I still hope Node does well and many people invest heavily in it, it does have such potential. I think Joyent and the team need to focus on usability - performance is meaningless if your application is brittle and difficult to debug, refactor, and develop.

The fact that we will still have this vague error "Error: getaddrinfo EADDRINFO" in 4-5 years tells us where Node's development priorities are. Understandably, it's easy to miss these things when you focus on building the core of the system. I think users have voiced their opinions on this type of thing time and time again without seeing any results. We usually get a handful of responses to claims that what we have is already perfect. In practice, this is not the case.

Streams are interrupted, callbacks are not easy to use, errors are unclear, and tools are not easy to use. There are community regulations, but they are lacking compared to Go. Despite this, I may continue to use Node for some specific tasks, such as creating web pages, or some scattered APIs or prototypes. If Node can fix some of its fundamental problems, it has a chance of staying relevant, but the argument for performance over availability doesn't go very far when there's an alternative that is both higher performance and higher availability.
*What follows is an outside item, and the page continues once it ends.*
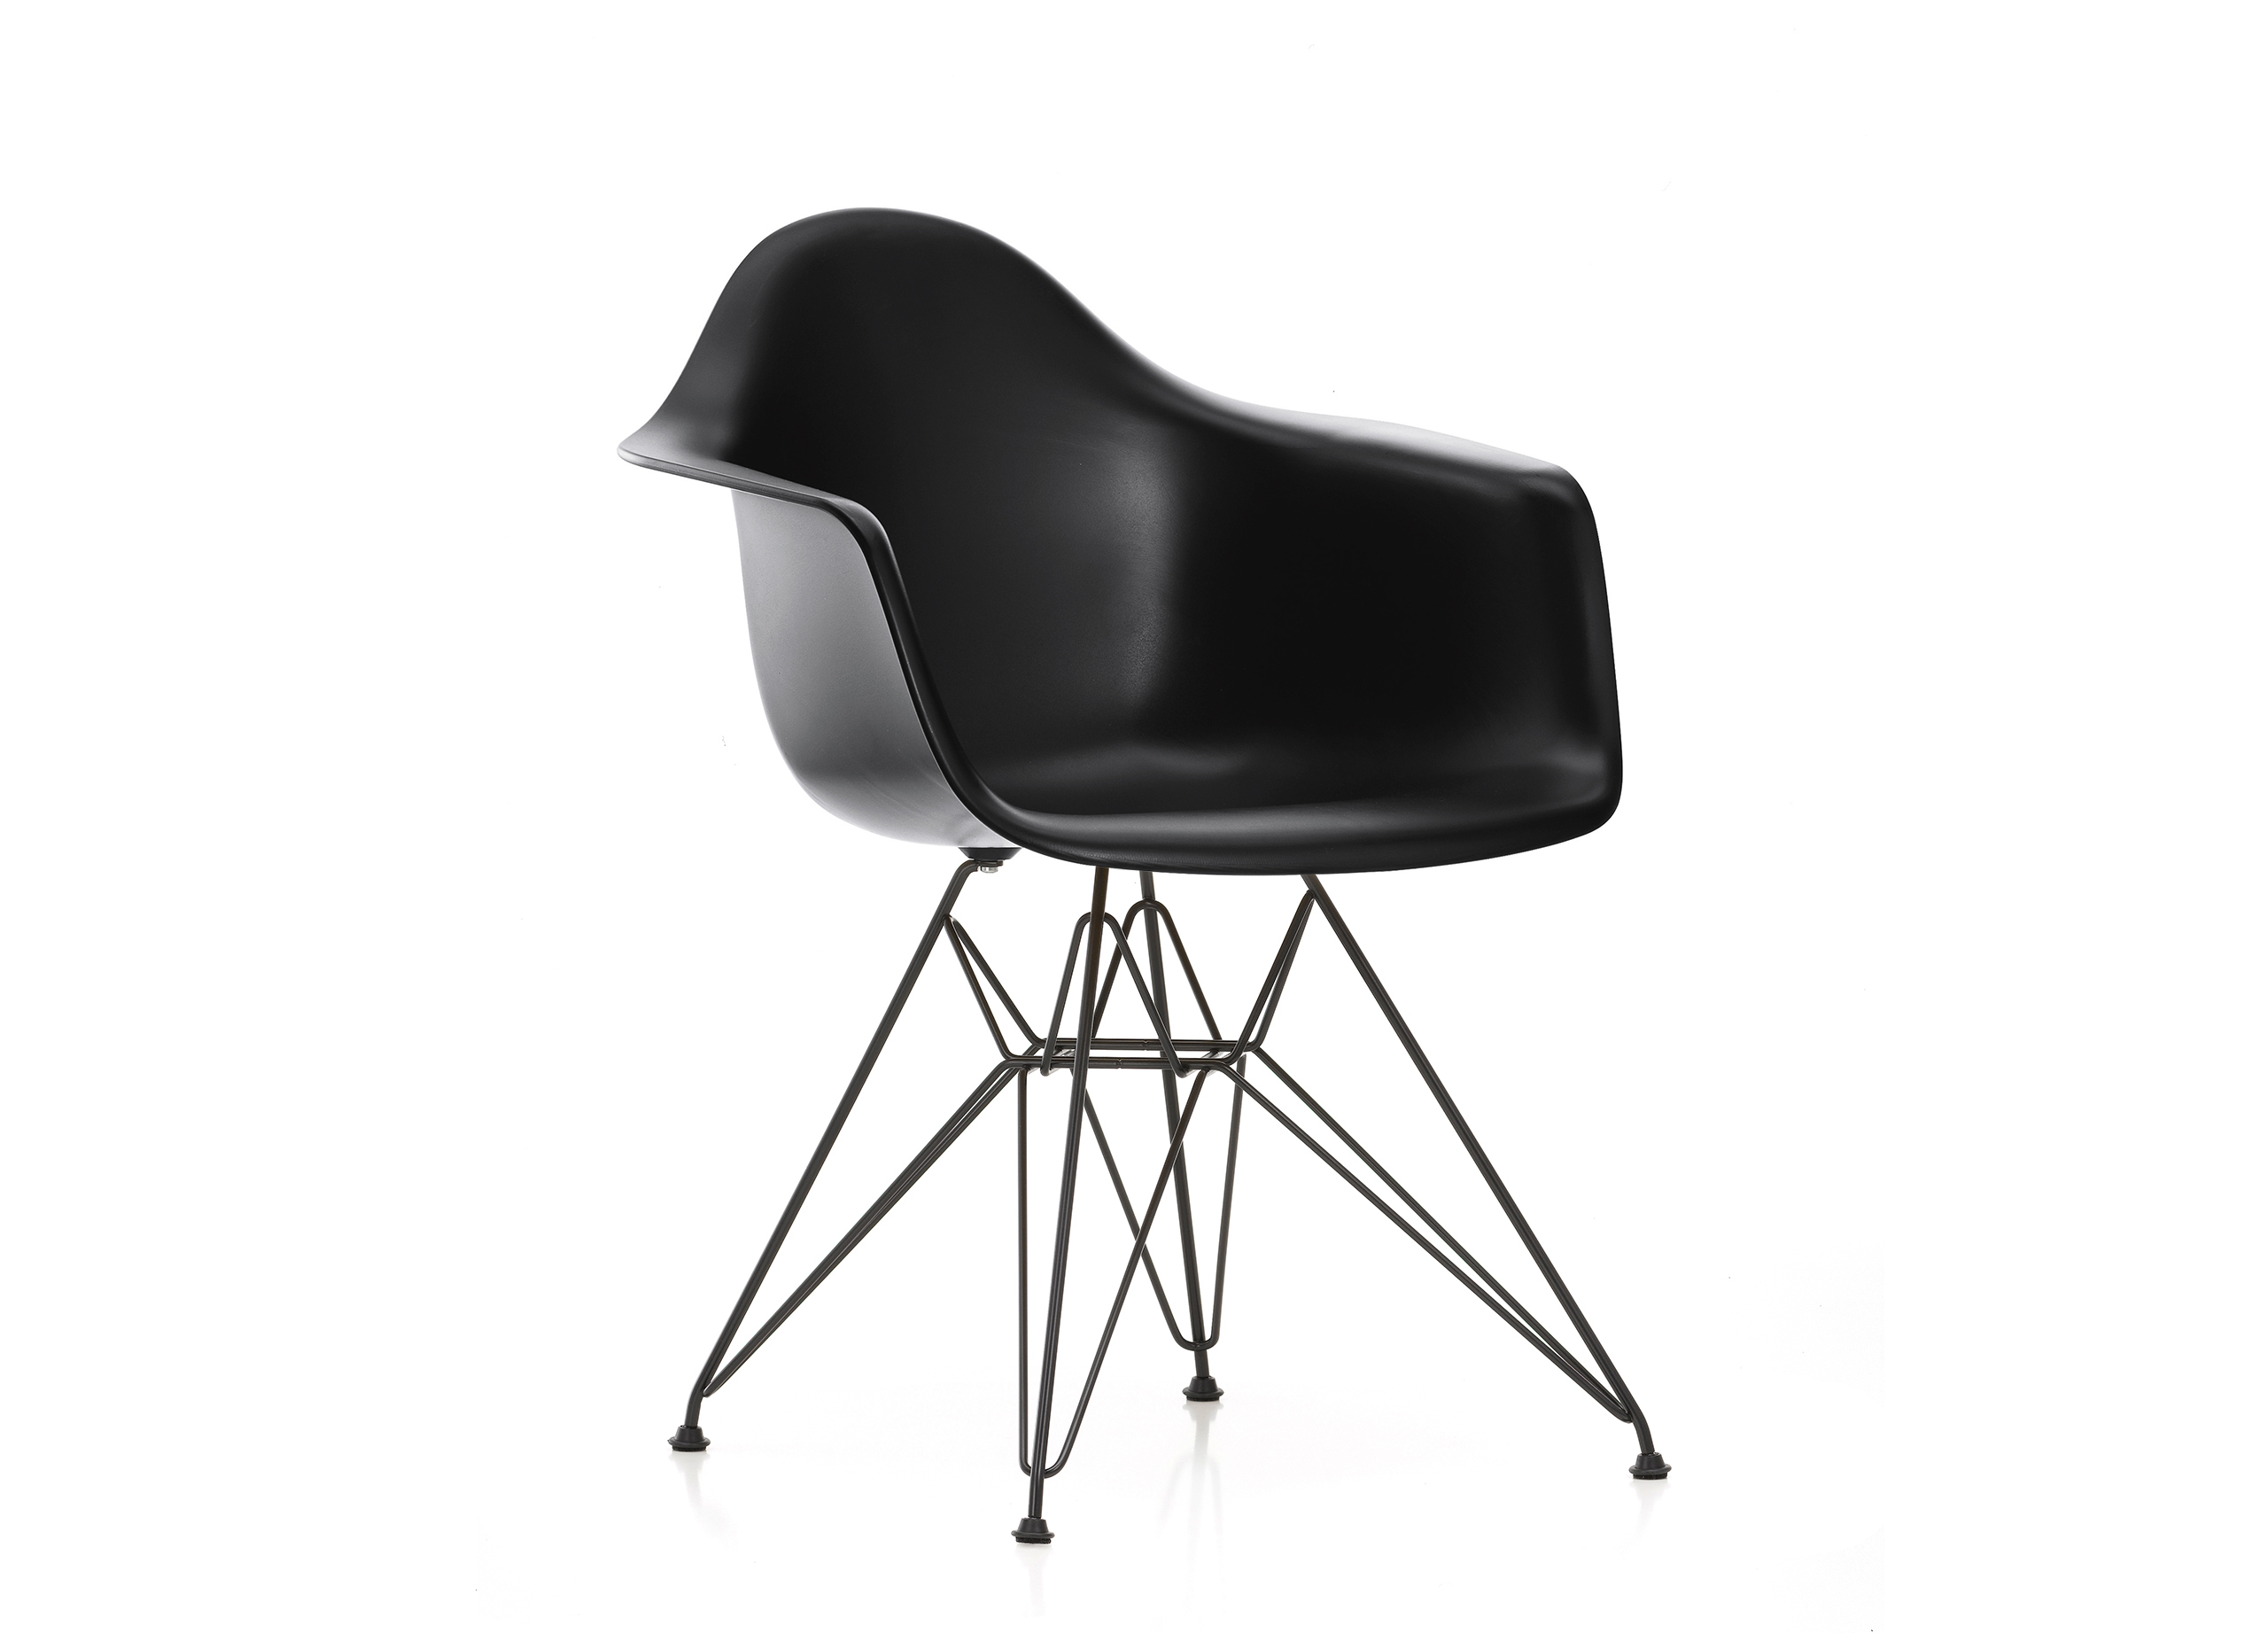 Eames Plastic Armchair : Vitra eames plastic armchair dar charles ray eames

If the Node community decides to embrace generators and implement them in a very core part of Node, and properly propagate errors, there is a chance that this can be referenced. This will drastically improve Node's availability and robustness.

The good news is that a while ago I spoke with the amazing and talented guys who contribute the core code to StrongLoop. They are taking a clear approach by listening to developer responses to the platform, and plan to find the right way to fix these issues to make Node easier to work with in the future. I'm not sure how the conflict over simultaneous development of core parts by multiple companies will end, but I hope the developer-driven side will win out.

This isn’t meant to be a personal attack, there are a lot of really talented people working with or on top of Node, but that’s not where I’m interested anymore. I've had a great time in the Node community and met some really interesting people.

The moral of the story is, don’t be limited by your own circle! See what's available elsewhere and you might enjoy programming again. There are so many great solutions out there, I made the mistake of waiting too long to play with them!